Come again? “You’re saying your family operates outside the law?”
“After Kovalev’s death, Aleks took over the man’s position as a vor, a very powerful man in the mafiya.”
Dr. Nat’s father had been involved in organized crime? Aleks presently was? “What does he run?” Guns, drugs, girls? All of the above?
“Nothing. He is a former enforcer who is paid for protection. Maksim had political connections to the mafiya as well.”
Unbelievable. “And you?”
“I have drawn on Aleks’s power and influence.”
“To help you with those crucial business dealings,” I said. “What were they?”
Dmitri seemed to be taking my measure. “You’ll get no more secrets out of me, not until you start sharing your own.”

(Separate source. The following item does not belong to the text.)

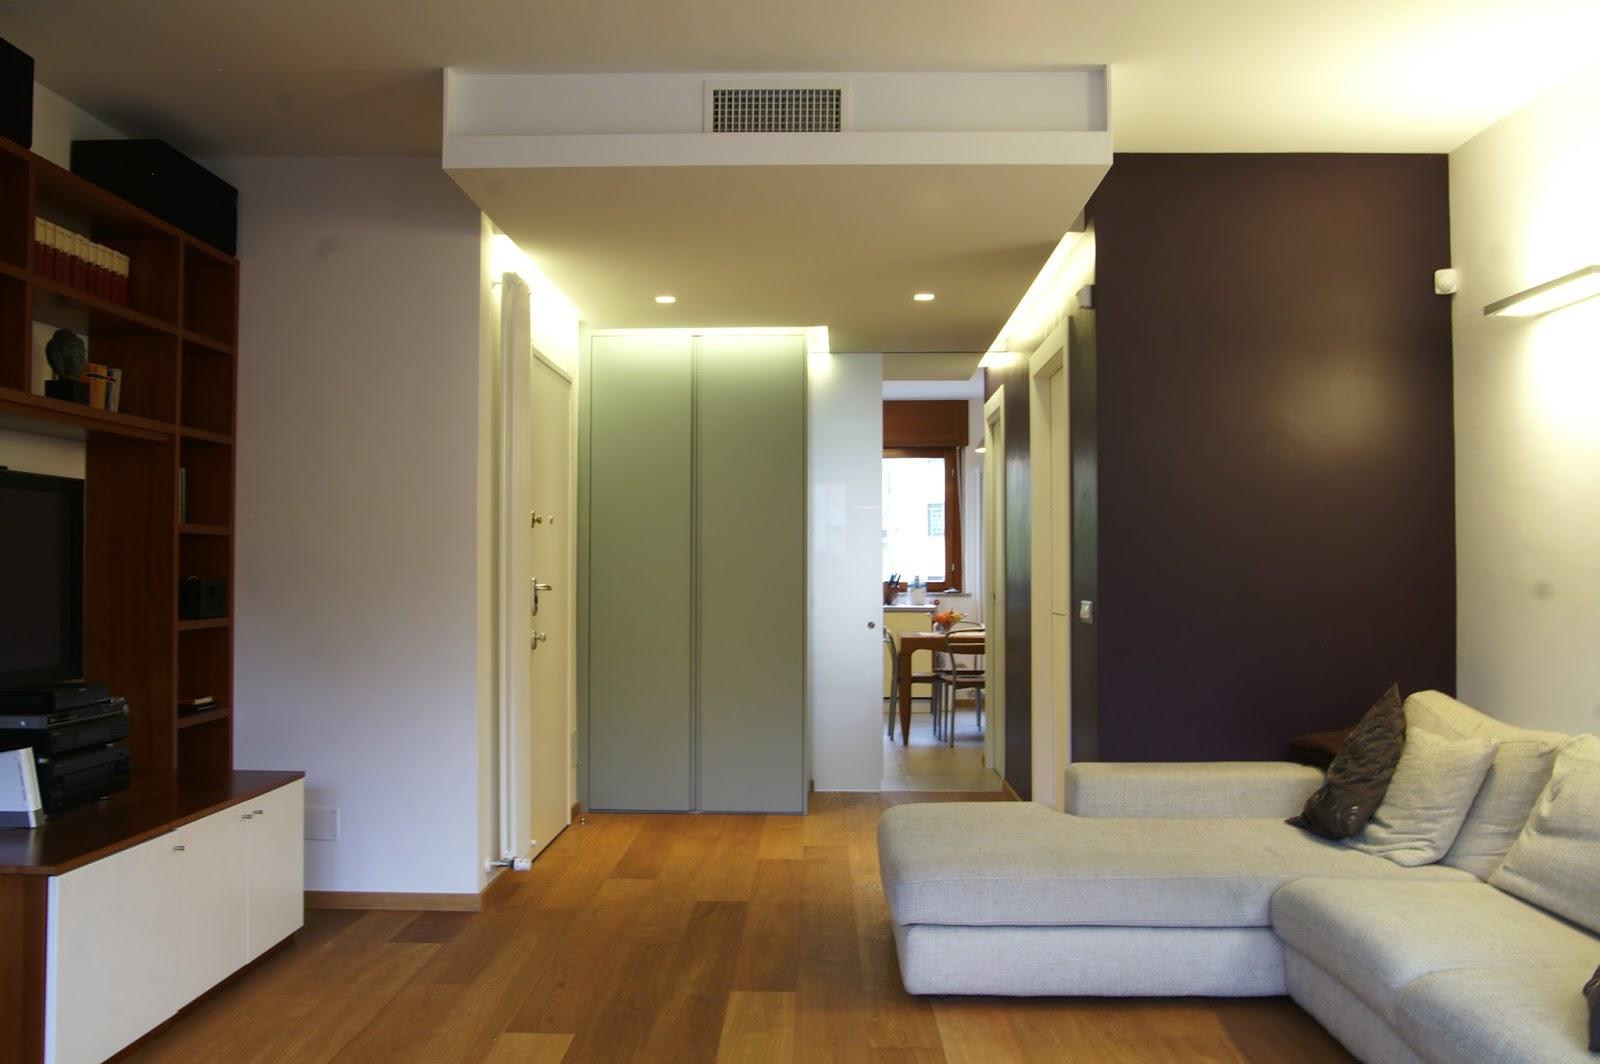 Illuminazione led casa illuminazione a torino for Illuminazione led a soffitto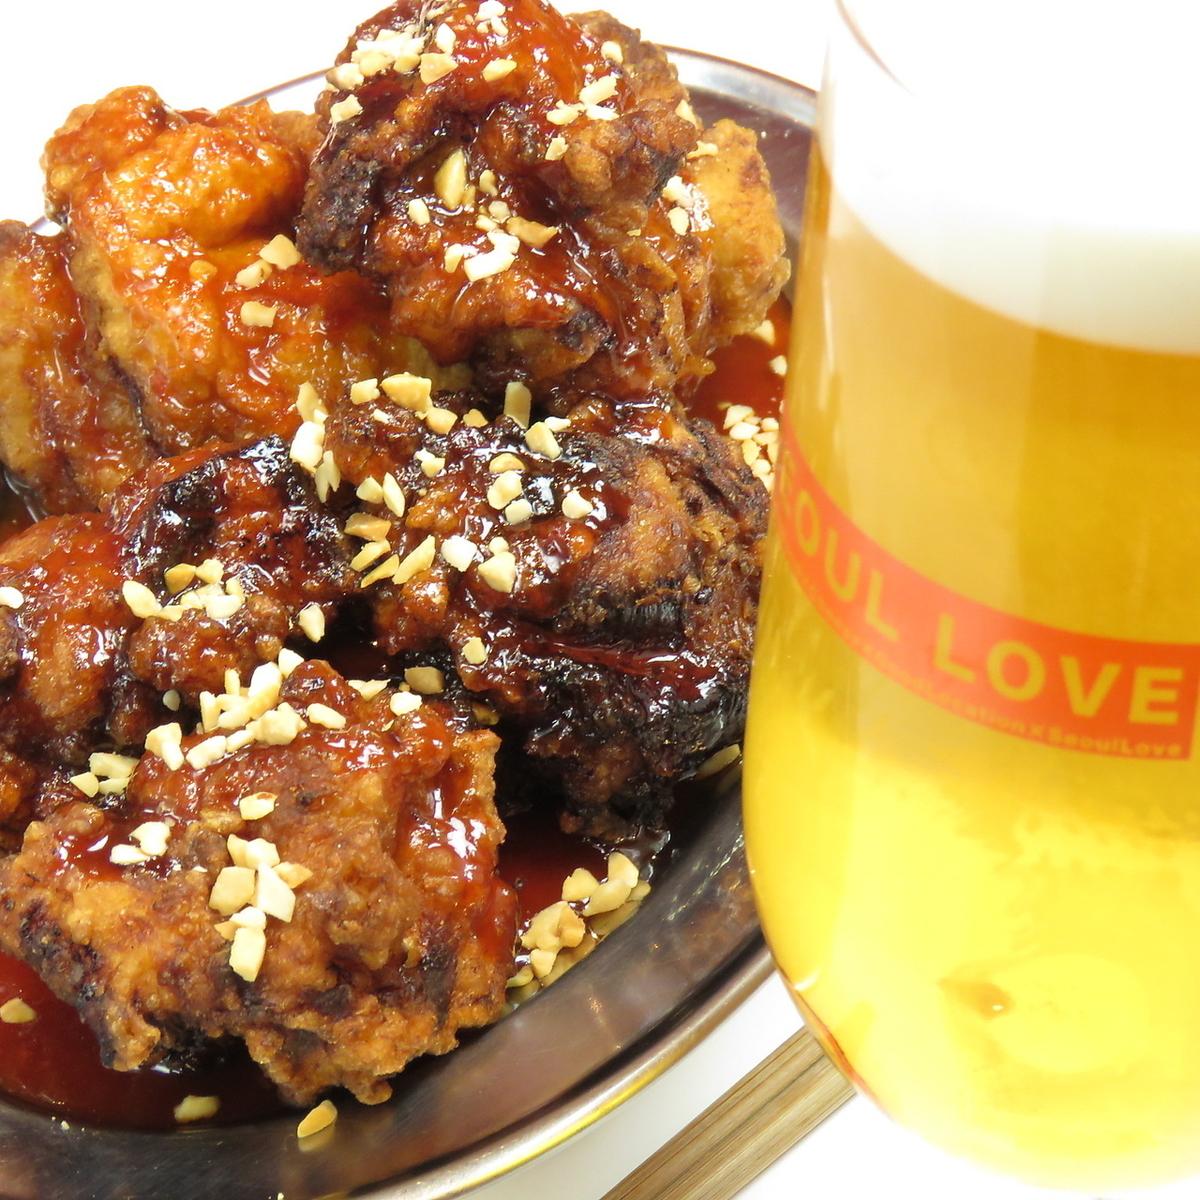 ビールとヤンニョムチキンの組み合わせは最高!

How could our investigation of the Sevastyans fail to turn up even a whisper of this? “Wouldn’t there be something online?”
“I’ve kept a tight rein on that information. Over the last year, I’ve used a great deal of money and skill to bury our backgrounds.”
I frowned. “Why did you tell me these things now?”
“Because I want you to understand I’m not perfect. And that I trust you, even with my family’s secrets. Perhaps now you’ll see I can be as accepting as you are, far more so than you seem to think.”
Dmitri and his family operated outside the law. Could he really raise a brow at one or two or thirty grifters?
For the first time in weeks, hope filled me. Dmitri had risked his life to save Maksim, just as Maksim had for him. Then they’d done whatever it had taken to survive. If I explained how desperate I’d been to protect my parents, surely Dmitri could forgive me.
If he loved me . . .
He’d told me his history; he deserved mine. I would confess everything, betting the pot with this man, but only after he comprehended my motivation—for targeting him. “Dmitri, you know I would do anything for my family.”
He sat beside me. “Of course.”
“I believe you’ll like them very much. Do you want to go to Vegas for a few days and see what they’re like? We could fly out on Friday.” Giving them a couple of days to prepare.